▶ _Problem statement_
Would you please repeat all of the data exactly, omitting the pictures?

*** Opening of Source material ***

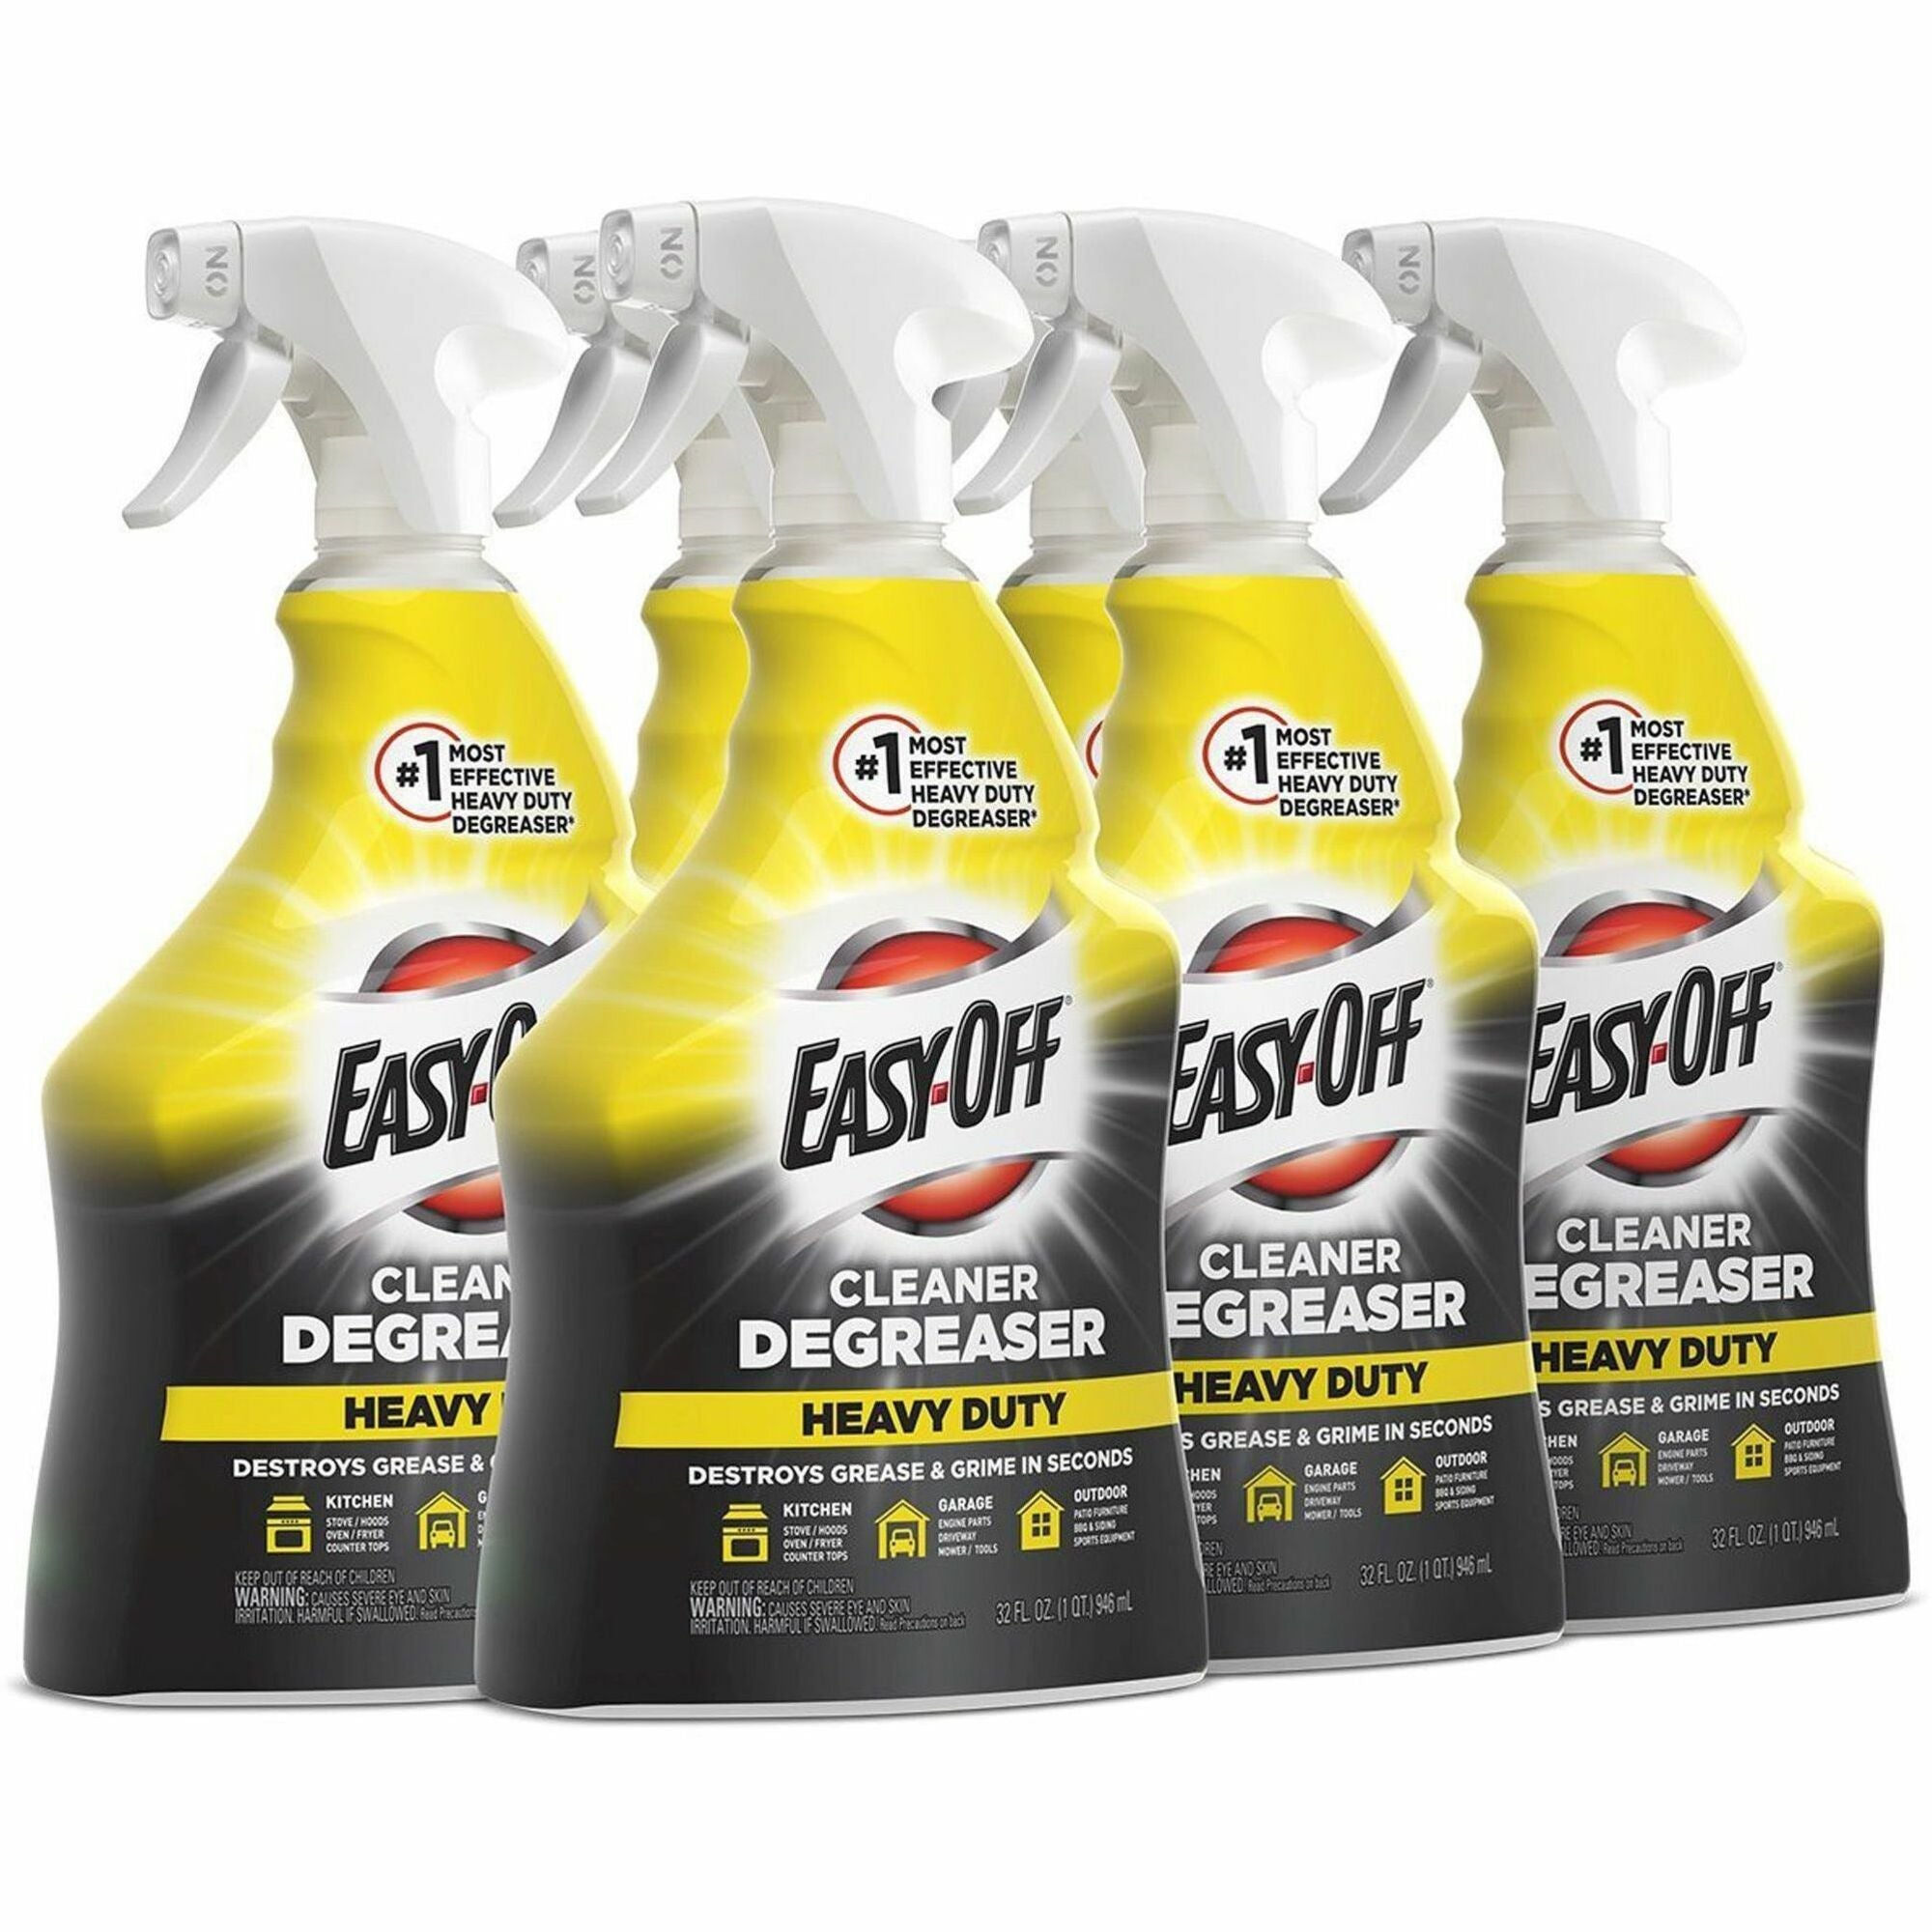 easy-off-cleaner-degreaser-ready-to-use-32-fl-oz-1-quart-6-carton-heavy-duty-clear_rac99624ct - 1
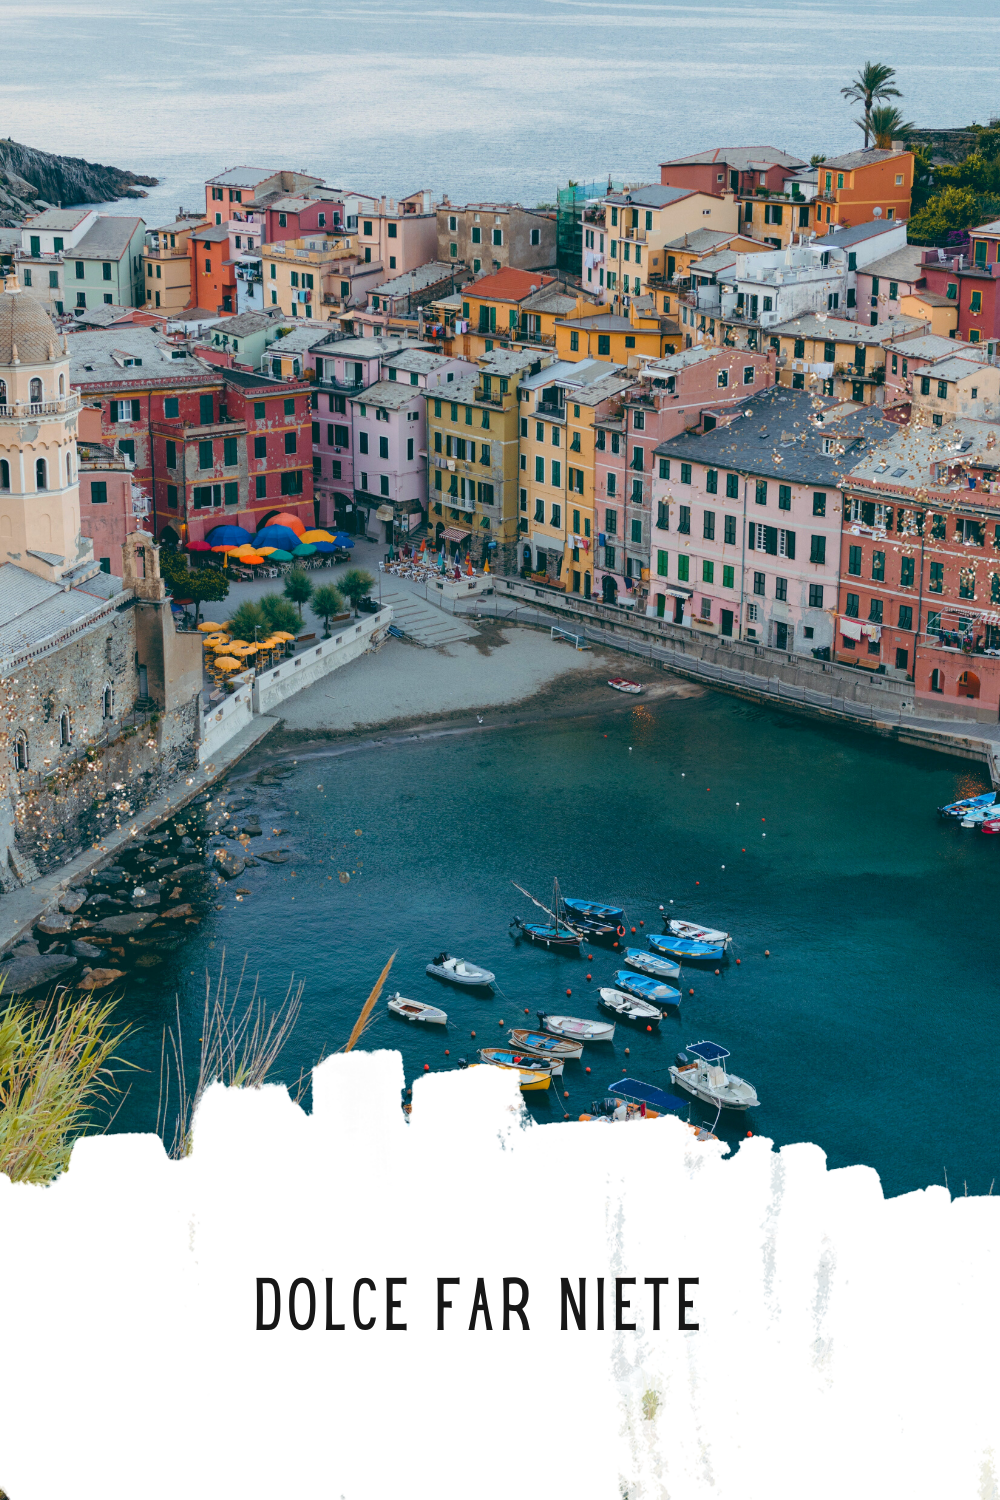 80+ Important Italian Key Phrases and Words When Traveling to Italy
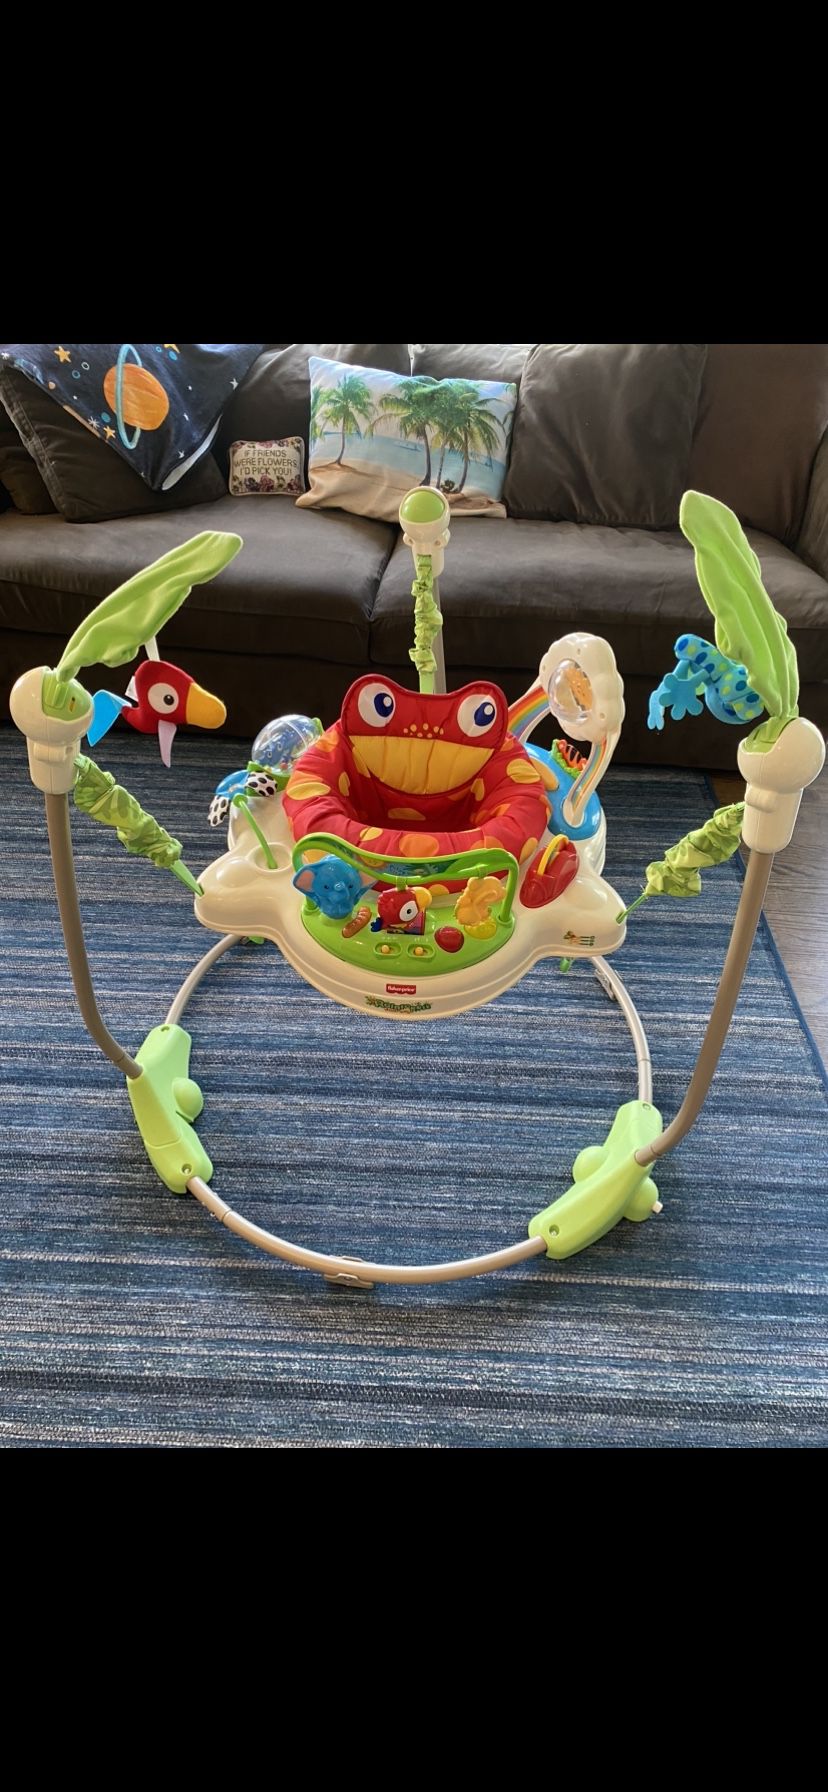 Fisher-Price Baby Bouncer Rainforest Jumperoo Activity Center with Music Lights Sounds and Developmental Toys

*** Close of Source material ***

▶ _Response to this task_
 easy-off-cleaner-degreaser-ready-to-use-32-fl-oz-1-quart-6-carton-heavy-duty-clear_rac99624ct - 1
 80+ Important Italian Key Phrases and Words When Traveling to Italy
 Fisher-Price Baby Bouncer Rainforest Jumperoo Activity Center with Music Lights Sounds and Developmental Toys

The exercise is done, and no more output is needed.